Sanander isn't on the route.

We'll be in no hurry - have a week to get to Malaga 

Whilst we trust TomTom, we do check its route on Autoroute as a rough guide to make sure its on decent roads. 

Bottom line I guess is: don't worry too much


----------



## 113016 (Jun 5, 2008)

ActiveCampers said:


> Cheers all.
> We are aware TomTom is a tool and not to follow blindly, but have to say, our recent 2,500 mile trip TomTom selected perfect roads.
> We want to go via Madrid as we'll be popping in hopefully if we have time.,
> Leaving next week, thanks for tip re: Snow.
> ...


If you want to go a better way, go via Pampalona.
When you go through the border turn off within 100 meters and go up the N121A to Pampalona, 
Then the N 121 to Tafalla and at Alfaro turn onto the C101 to Agreda, then Almenar, then Almazan. At Almazan you get onto the N111 to Medinaceli.
At Medinaceli you turn onto the N2 to Madrid
This is a much nicer road then going down the Ni from Vitoria via Burgos to Madrid and it is better on fuel as you are not going up and down all the time, just one big climb at the start.
Many good restaraunts with good overnight parking. The C101 is a very good road that trucks can run on at 56 mph. (not legaly) Enjoy


----------



## duds (Sep 23, 2007)

As far as France is concerned, I have just come back from S W area with border to Spain and asked a French friend who lives down there are freqently uses the roads to come back to UK for travel advice and cheapest/ quickest route and went down and back via Le Havre ,Caen, Rennes, Nantes and Bordeaux. Much of this is toll free but dual carriageway equivalent in standard to UK motorways. There is a toll bridge at Le Havre and toll between Nantes and Bordeaux but not too expensive for ease of travel south and north.


----------



## whistlinggypsy (May 1, 2005)

We are using the same route (leaving 4th Dec.) as far as the Spanish border but then head off toward Pamplona and Zaragozo (campsite reveiw here), then through Teruel and across the N225 skirting Sagunto back to Benicasim.

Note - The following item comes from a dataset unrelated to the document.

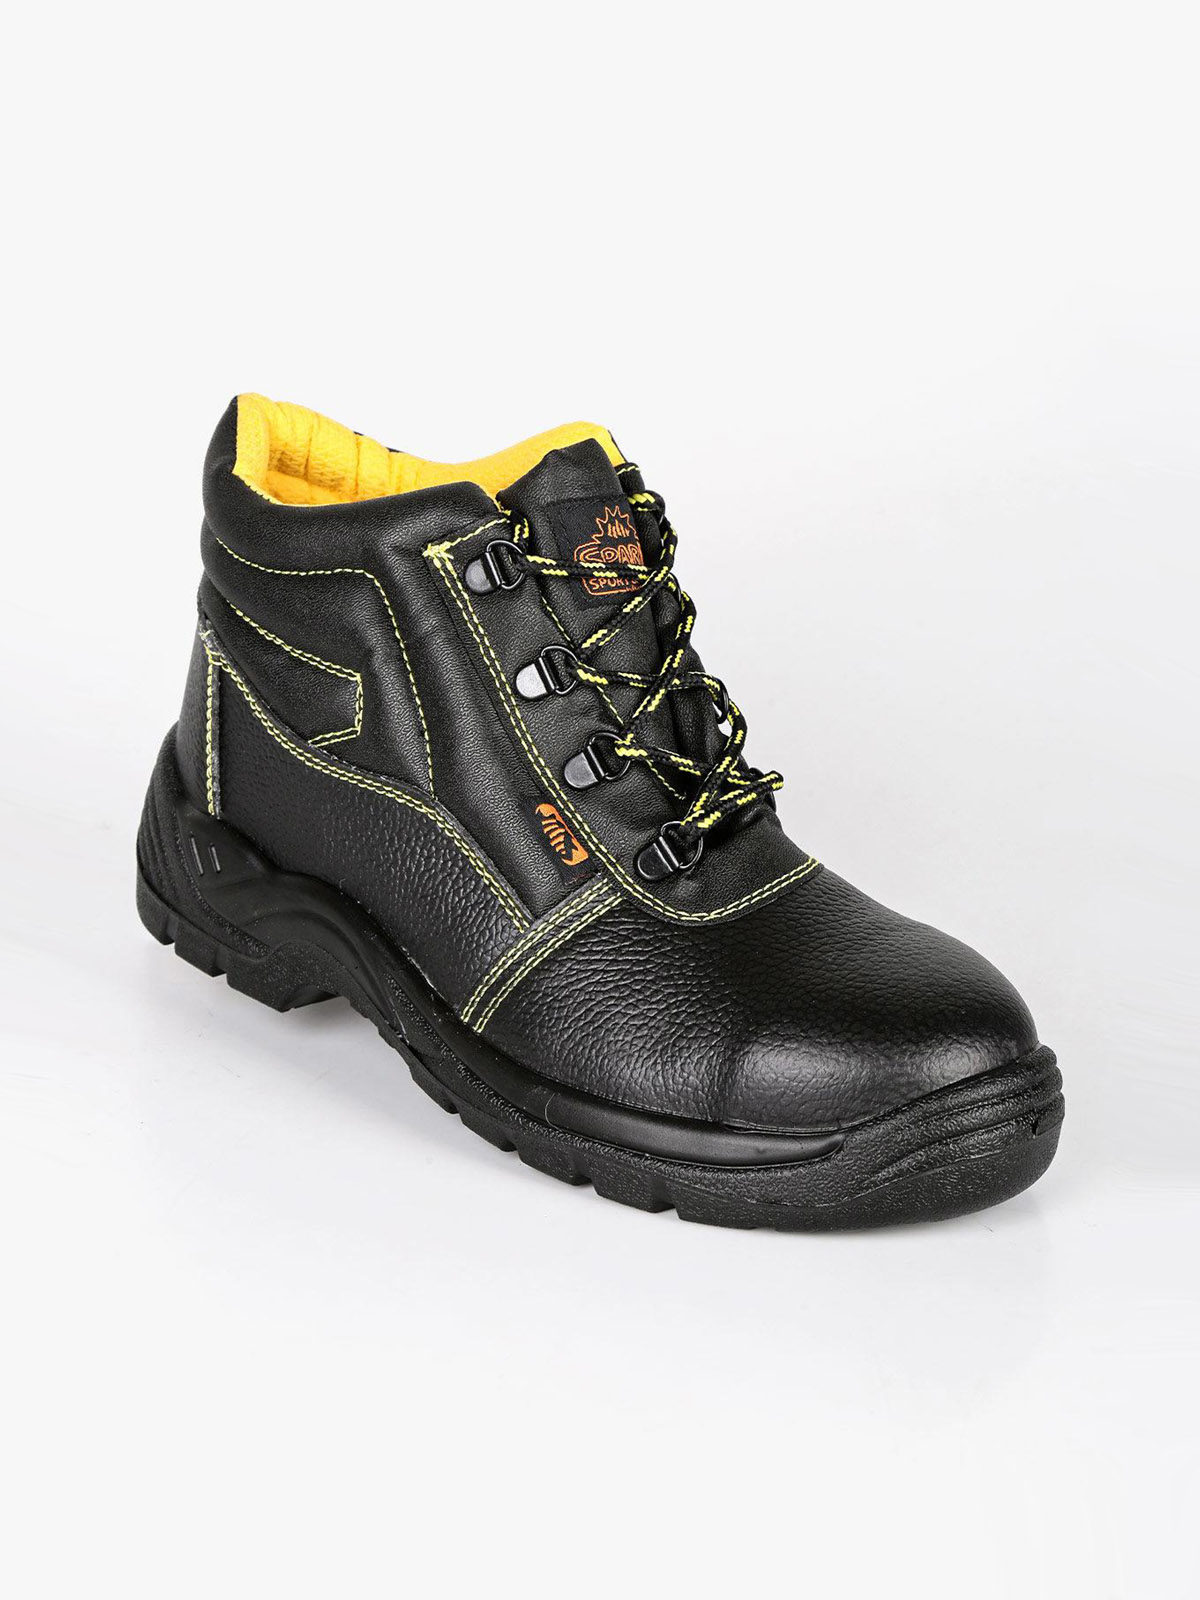 CAT P89955 Argon Black Composite Safety Toe Work Shoe

We will jump onto the m/way to cross Tours as its only a few €s but saves the hassle of driving through the city and will do the same at Poitiers j28-j30 for the same reason, and the many Rond points crossing the city ring road

Like Grath and others have said depending on when you are travelling you may get snow around Burgos and Somosierra but the road will be closed by the police if the conditions are too dangerous. 

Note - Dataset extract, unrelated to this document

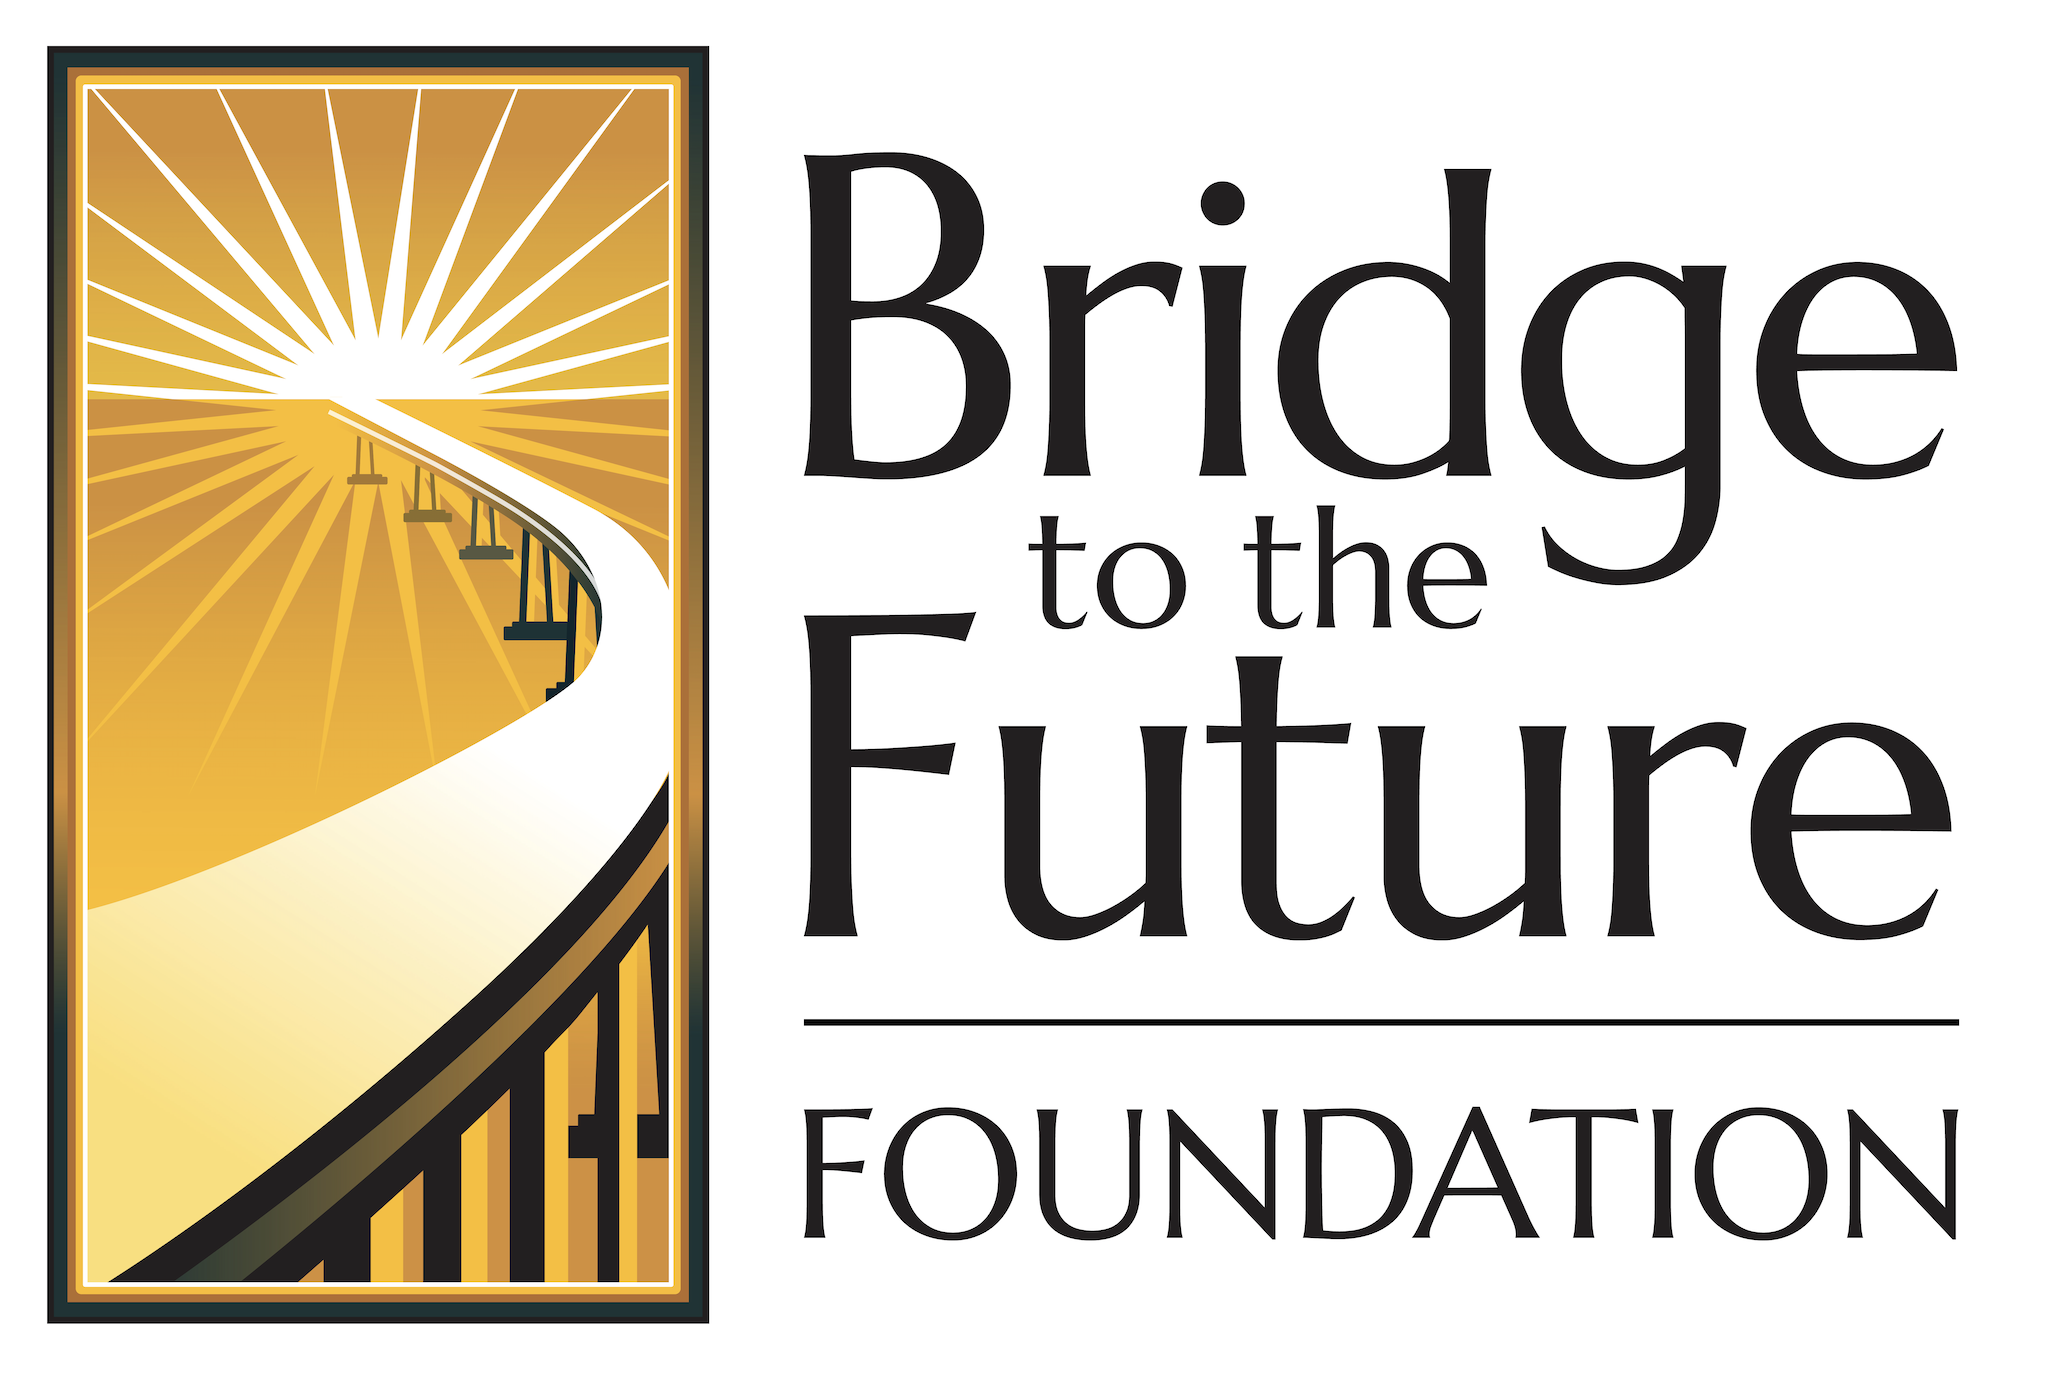 Bridge to the Future Foundation logo

We will use the m/way from Calais to Rouen as its gets you a good start and is not expensive then stay overnight on the Aire at Quia Jean Moulin, from there use the national routes.

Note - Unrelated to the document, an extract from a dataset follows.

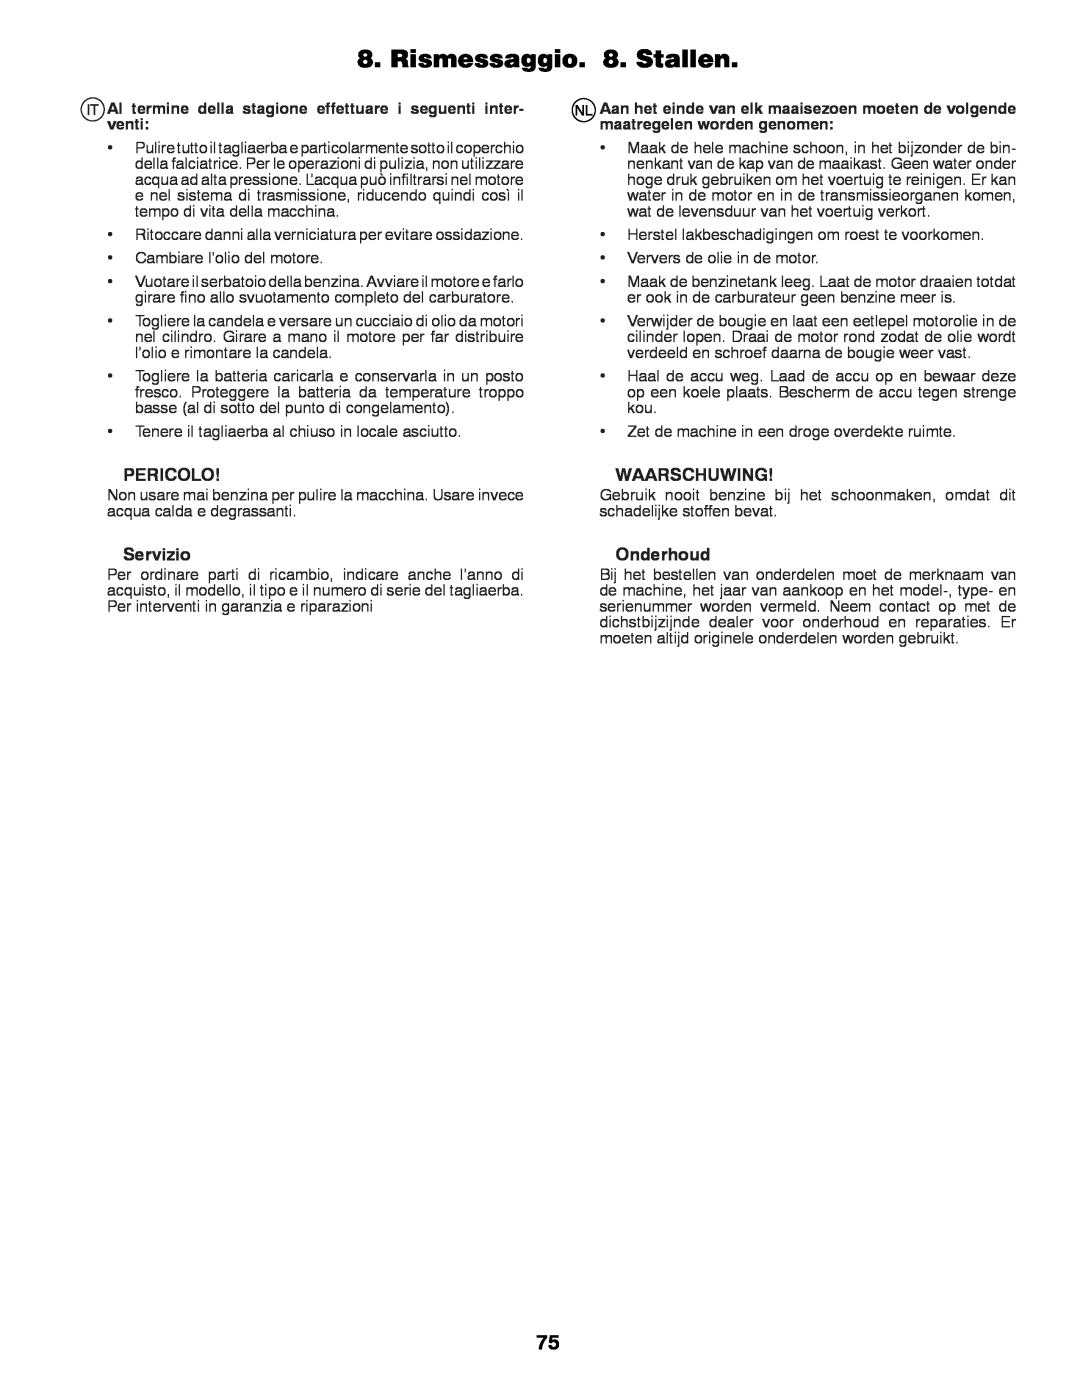 Partner Tech P11577 instruction manual Rismessaggio. 8. Stallen, Pericolo, Servizio, Waarschuwing, Onderhoud

Be very careful of the radar traps/camera's south of Bordeaux if you are over 3500kgs. they are marked and they ALL work.

Have a safe trip.

Bob


----------



## 113016 (Jun 5, 2008)

duds said:


> As far as France is concerned, I have just come back from S W area with border to Spain and asked a French friend who lives down there are freqently uses the roads to come back to UK for travel advice and cheapest/ quickest route and went down and back via Le Havre ,Caen, Rennes, Nantes and Bordeaux. Much of this is toll free but dual carriageway equivalent in standard to UK motorways. There is a toll bridge at Le Havre and toll between Nantes and Bordeaux but not too expensive for ease of travel south and north.


There are quite a few good routes down through France and one of them is the one that you mention and there is most definitely no need to use Autoroutes (Paege) .
The RN roads are just as quick and shorter


----------



## billym (Dec 17, 2005)

quote
" The RN roads are just as quick and shorter " ......... .... No way


----------